[<prev] [next>] [<thread-prev] [thread-next>] [day] [month] [year] [list]
Message-ID: <20191210141030.GP32275@shao2-debian>
Date: Tue, 10 Dec 2019 22:10:30 +0800
From: kernel test robot <rong.a.chen@...el.com>
To: "Paul E. McKenney" <paulmck@...nel.org>
Cc: LKML <linux-kernel@...r.kernel.org>,
Linus Torvalds <torvalds@...ux-foundation.org>,
lkp@...ts.01.org
Subject: Re: [LKP] Re: [rcu] ed93dfc6bc: stress-ng.icache.ops_per_sec -15.0%
regression
On Mon, Dec 09, 2019 at 04:57:08PM -0800, Paul E. McKenney wrote:
> On Mon, Dec 09, 2019 at 05:10:11PM +0800, Rong Chen wrote:
> >
> >
> > On 12/9/19 2:13 AM, Paul E. McKenney wrote:
> > > On Sun, Dec 08, 2019 at 11:29:07PM +0800, kernel test robot wrote:
> > > > Greeting,
> > > >
> > > > FYI, we noticed a -15.0% regression of stress-ng.icache.ops_per_sec due to commit:
> > > >
> > > >
> > > > commit: ed93dfc6bc0084485ccad1ff6bd2ea81ab2c03cd ("rcu: Confine ->core_needs_qs accesses to the corresponding CPU")
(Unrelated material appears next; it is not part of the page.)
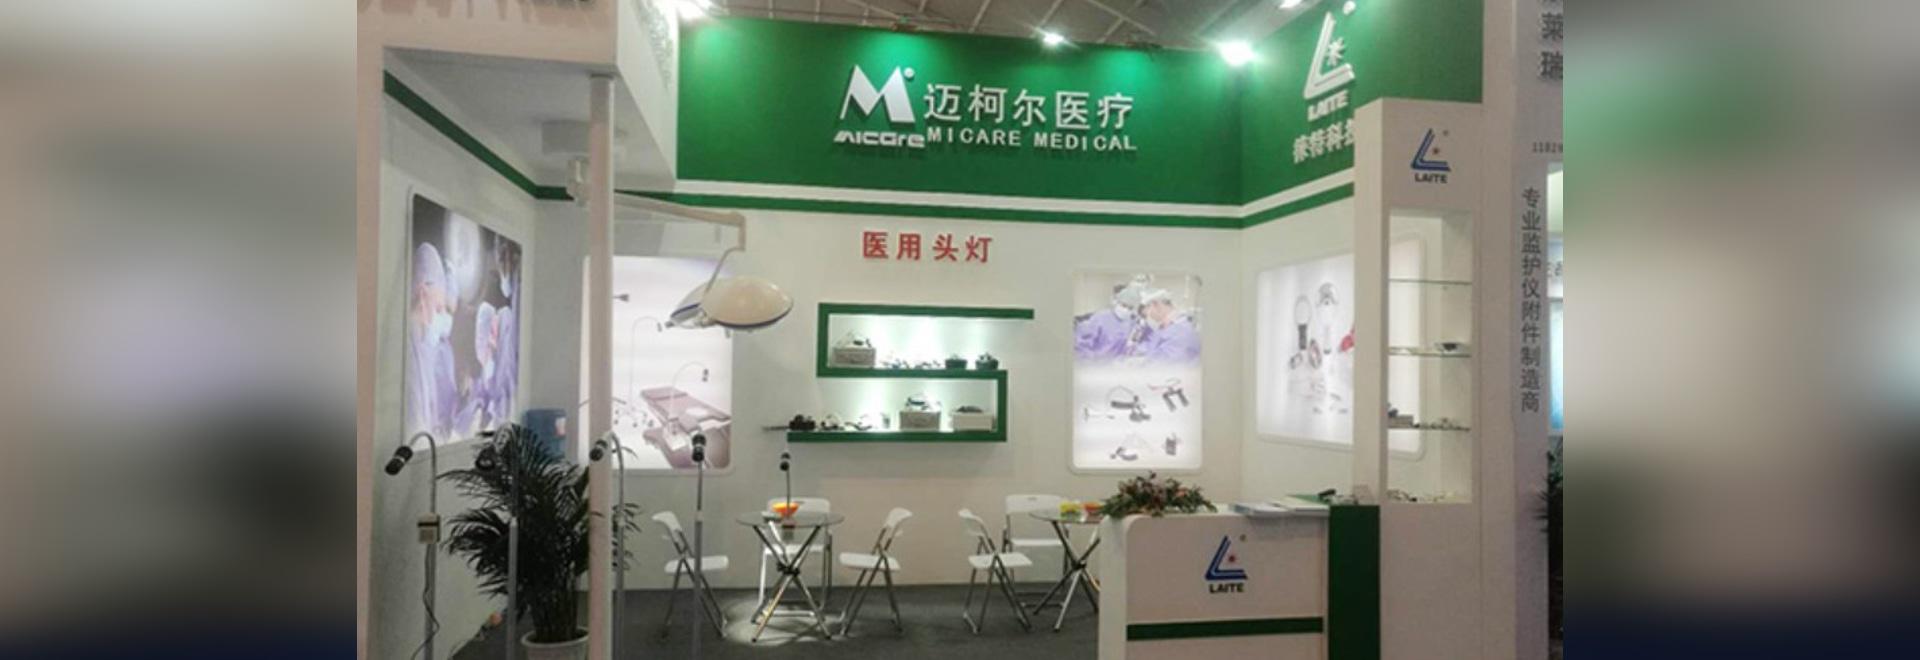 FCEM Chine 2017 kunming

> > > > https://git.kernel.org/cgit/linux/kernel/git/torvalds/linux.git master
> > > >
> > > > in testcase: stress-ng
> > > > on test machine: 96 threads Intel(R) Xeon(R) Gold 6252 CPU @ 2.10GHz with 192G memory
> > > > with following parameters:
> > > >
> > > > nr_threads: 100%
> > > > disk: 1HDD
> > > > testtime: 1s
> > > > class: cpu-cache
> > > > cpufreq_governor: performance
> > > > ucode: 0x500002c
> > > >
> > > >
> > > >
> > > >
> > > > If you fix the issue, kindly add following tag
> > > > Reported-by: kernel test robot <rong.a.chen@...el.com>
> > > >
> > > >
> > > > Details are as below:
> > > > -------------------------------------------------------------------------------------------------->
> > > >
> > > >
> > > > To reproduce:
> > > >
> > > > git clone https://github.com/intel/lkp-tests.git
> > > > cd lkp-tests
> > > > bin/lkp install job.yaml # job file is attached in this email
> > > > bin/lkp run job.yaml
> > > >
> > > > =========================================================================================
> > > > class/compiler/cpufreq_governor/disk/kconfig/nr_threads/rootfs/tbox_group/testcase/testtime/ucode:
> > > > cpu-cache/gcc-7/performance/1HDD/x86_64-rhel-7.6/100%/debian-x86_64-2019-11-14.cgz/lkp-csl-2sp5/stress-ng/1s/0x500002c
> > > >
> > > > commit:
> > > > 516e5ae0c9 ("rcu: Reset CPU hints when reporting a quiescent state")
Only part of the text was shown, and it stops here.